OP, have you read about PTSD? What you are describing, seeing the accident over and over is very like PTSD. PTSD is something that can be caused by witnessing a trauma, it doesn't have to actually be the individual that incurs the trauma. I am sure your guilt as a mother is probably complicating this as well. I suggest that you and your DD (when she is able to) both get counseling for dealing with this trauma. I have PTSD for a different reason, and it is not something to ignore or leave undiagnosed because it will come back to get you again later, like mine did. Please see if you can find a counselor who is specialized in PTSD, because I had seen counselors before who didn't diagnose my PTSD cuz I had ignored it so well. I am now seeing a counselor who specializes in PTSD and the work she does with me has helped so much more than any other counselor before.

Best wishes to you and your DD as you heal from this.
post #19 of 26
Hugs to you, mama. I don't know you, you don't know me, but by being part of MDC I know you love your kids more than life itself and your feelings must be overwhelming. Even thought we as a community can't always be at each others' sides IRL, I feel pretty comfortable speaking for all of us to say that we are all holding you and your families' hands. If you need someone to talk to, feel free to PM me.
post #20 of 26
When I was 8 mos pregnant with my youngest (now 2), my oldest (then 7) was hit by a car.

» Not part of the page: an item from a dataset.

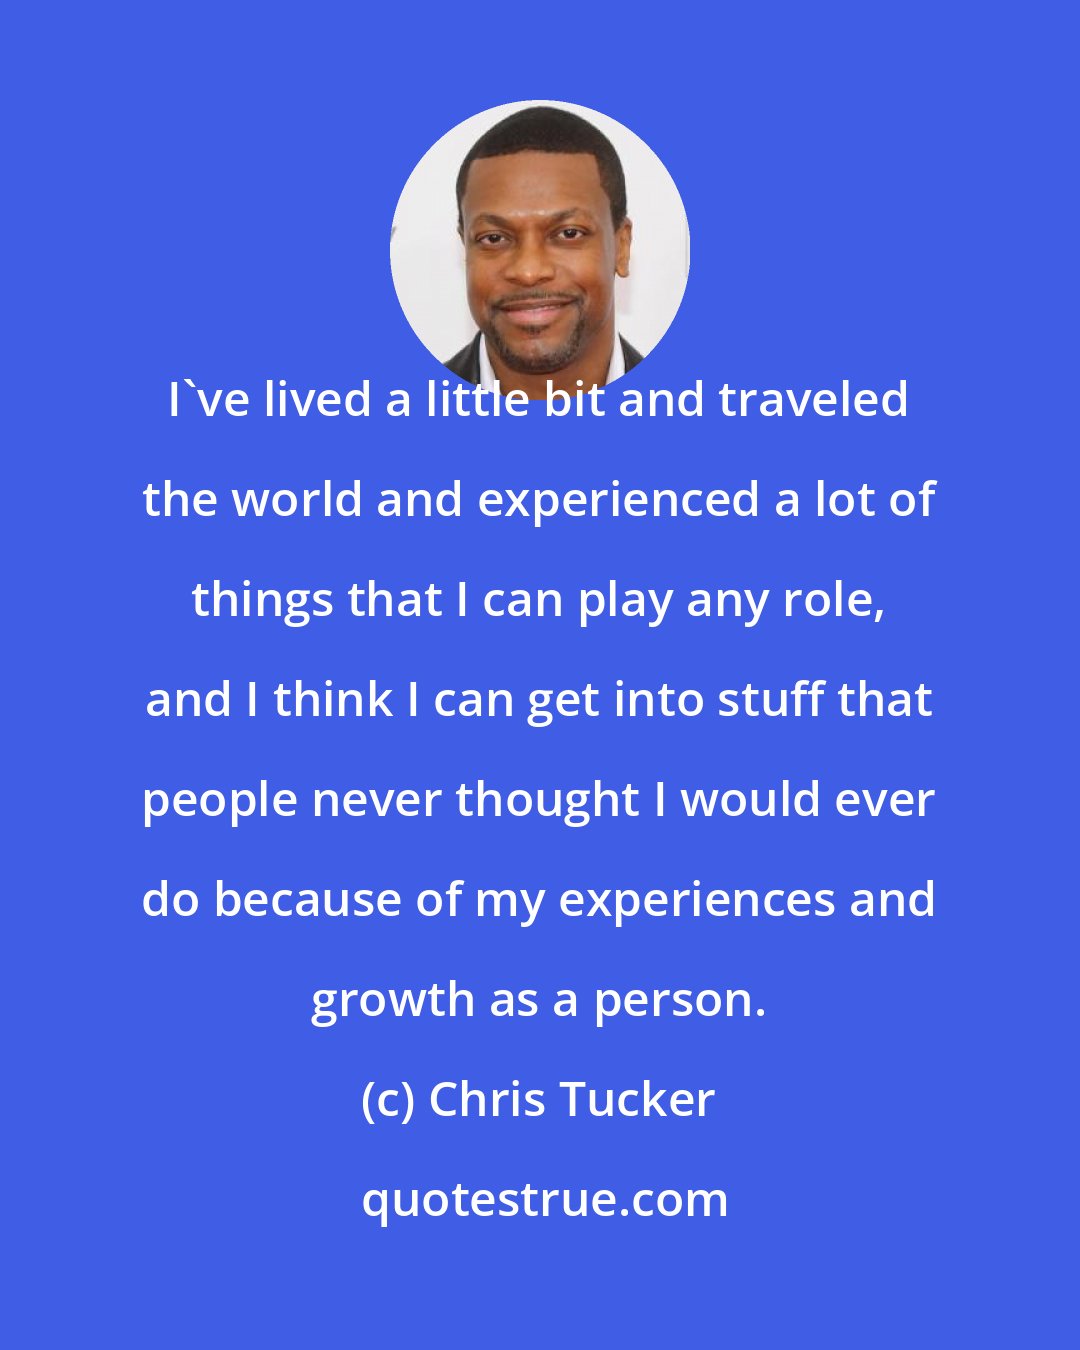 Chris Tucker: I've lived a little bit and traveled the world and experienced a lot of things that I can play any role, and I think I can get into stuff that people never thought I would ever do because of my experiences and growth as a person.
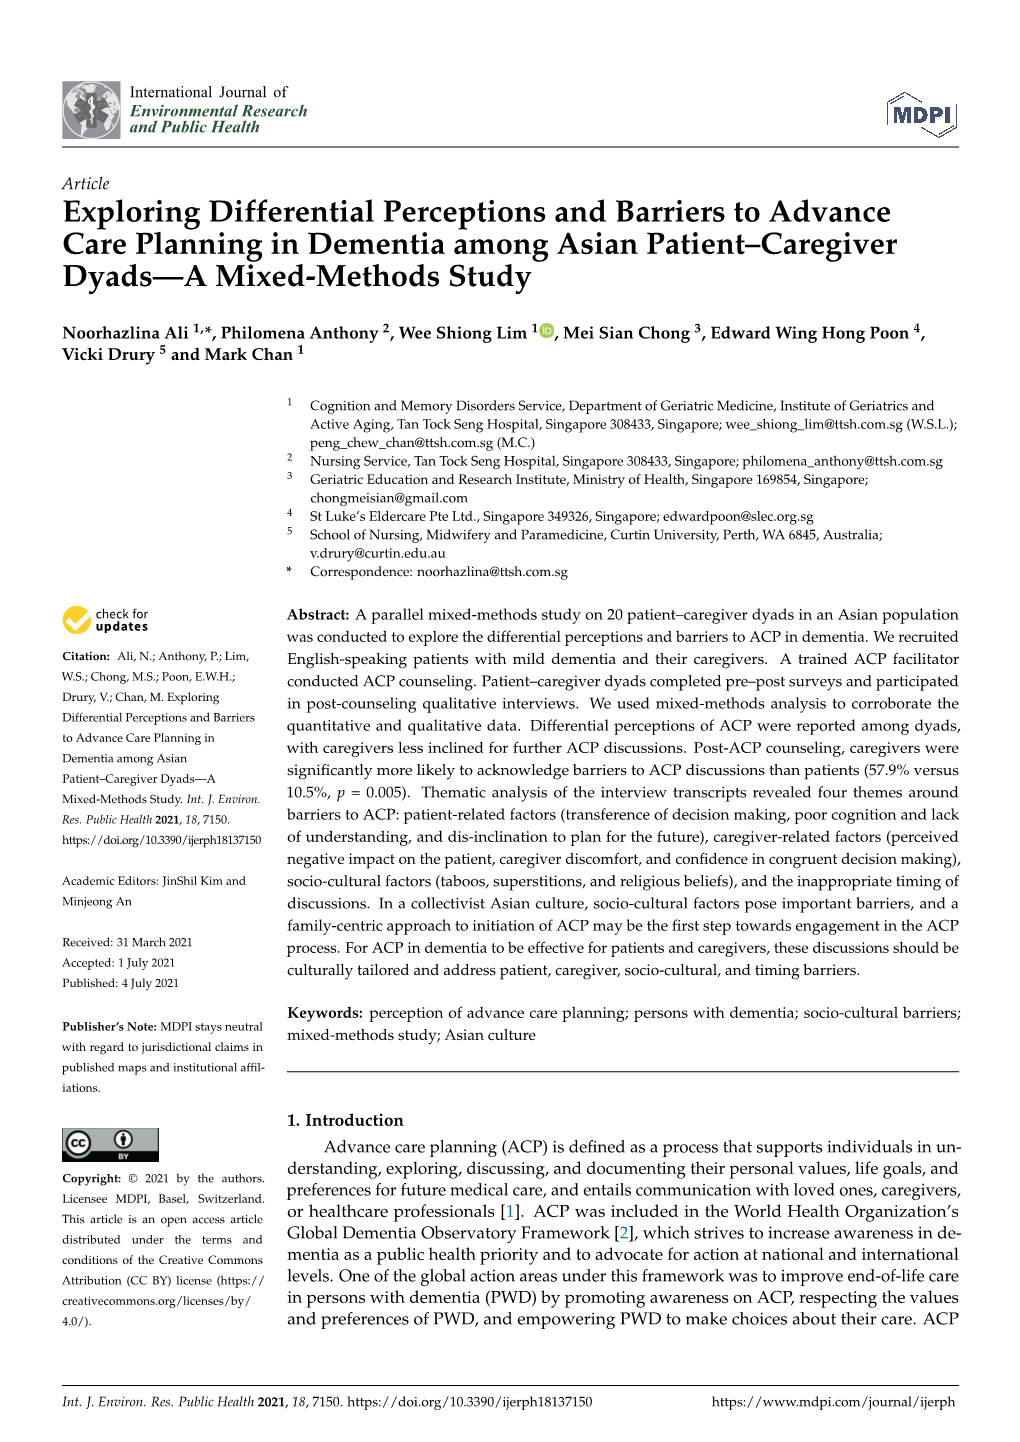 Exploring Differential Perceptions and Barriers to Advance Care Planning in Dementia Among Asian Patient–Caregiver Dyads—A Mixed-Methods Study

In our situation, ds was coming out of a building to my van and a man was backing up.

I waved the man to go ahead and back up because I was waiting for ds. Right as he started backing up, I saw ds1's head bounding alongside the black car. The man didn't see ds, ds didn't see that the man was even moving, and bolted behind him. WHAM!

I SCREAMED in the car and honked the horn. Ds1 bounced up like a rubber ball, in tears, freaked out, but literally no damage aside from scraping his elbow and hitting his head on the ground.

When I watched it all happen, his head was on the ground, inches from the tire, and all I could envision was a watermelon being smashed. That's all I saw in my head for WEEKS. The what-if.

I also recommend therapy. It will help you process everything you're going through.

When ds was hit, I contacted his school (email) and told them what happened. They were VERY helpful and loving toward him, even taking extra time to talk to him about it if he felt the need.

This sucks, completely. You WILL be ok and you WILL work through this trauma. It takes time and professional help. Take care, ok? Take care of yourself & your kids as you get through this.